▶ **DIRECTIONS FOR THIS TASK**
Of all the entries below, only the lines from the one with "SAMPLE .06 fl oz" up to and including the one with "картинки на Fonwall" are to be duplicated exactly.

*** Opening MATERIALS PROVIDED ***

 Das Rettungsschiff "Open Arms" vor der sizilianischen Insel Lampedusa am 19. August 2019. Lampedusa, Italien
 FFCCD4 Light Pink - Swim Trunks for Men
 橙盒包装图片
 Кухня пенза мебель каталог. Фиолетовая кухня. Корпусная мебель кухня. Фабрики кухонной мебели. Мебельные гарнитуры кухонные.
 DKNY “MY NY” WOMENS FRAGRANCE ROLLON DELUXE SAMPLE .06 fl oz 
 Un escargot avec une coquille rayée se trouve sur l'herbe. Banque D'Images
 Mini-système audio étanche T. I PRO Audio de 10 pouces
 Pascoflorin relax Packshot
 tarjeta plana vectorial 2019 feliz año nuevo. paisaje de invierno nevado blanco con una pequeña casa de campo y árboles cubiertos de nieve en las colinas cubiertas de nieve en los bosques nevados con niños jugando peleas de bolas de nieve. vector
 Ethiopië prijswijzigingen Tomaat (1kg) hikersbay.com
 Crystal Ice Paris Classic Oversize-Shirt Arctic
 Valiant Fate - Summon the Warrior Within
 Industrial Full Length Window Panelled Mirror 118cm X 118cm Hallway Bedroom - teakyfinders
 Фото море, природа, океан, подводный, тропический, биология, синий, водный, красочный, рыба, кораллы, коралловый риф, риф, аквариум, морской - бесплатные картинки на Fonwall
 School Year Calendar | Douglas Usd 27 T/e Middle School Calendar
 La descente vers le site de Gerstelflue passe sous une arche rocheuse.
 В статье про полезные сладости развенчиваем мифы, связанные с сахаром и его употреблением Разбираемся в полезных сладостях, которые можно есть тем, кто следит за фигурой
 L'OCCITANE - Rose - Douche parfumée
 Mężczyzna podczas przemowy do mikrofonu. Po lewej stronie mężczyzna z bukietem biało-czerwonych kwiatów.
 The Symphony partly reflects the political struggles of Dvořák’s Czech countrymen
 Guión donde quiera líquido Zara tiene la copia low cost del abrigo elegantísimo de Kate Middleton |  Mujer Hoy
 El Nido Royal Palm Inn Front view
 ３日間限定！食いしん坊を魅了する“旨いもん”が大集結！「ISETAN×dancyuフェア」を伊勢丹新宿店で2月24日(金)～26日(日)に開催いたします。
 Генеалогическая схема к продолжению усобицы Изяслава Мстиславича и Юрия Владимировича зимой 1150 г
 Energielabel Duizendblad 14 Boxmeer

*** Closing MATERIALS PROVIDED ***

▶ **EXPECTED ANSWER**
 DKNY “MY NY” WOMENS FRAGRANCE ROLLON DELUXE SAMPLE .06 fl oz 
 Un escargot avec une coquille rayée se trouve sur l'herbe. Banque D'Images
 Mini-système audio étanche T. I PRO Audio de 10 pouces
 Pascoflorin relax Packshot
 tarjeta plana vectorial 2019 feliz año nuevo. paisaje de invierno nevado blanco con una pequeña casa de campo y árboles cubiertos de nieve en las colinas cubiertas de nieve en los bosques nevados con niños jugando peleas de bolas de nieve. vector
 Ethiopië prijswijzigingen Tomaat (1kg) hikersbay.com
 Crystal Ice Paris Classic Oversize-Shirt Arctic
 Valiant Fate - Summon the Warrior Within
 Industrial Full Length Window Panelled Mirror 118cm X 118cm Hallway Bedroom - teakyfinders
 Фото море, природа, океан, подводный, тропический, биология, синий, водный, красочный, рыба, кораллы, коралловый риф, риф, аквариум, морской - бесплатные картинки на Fonwall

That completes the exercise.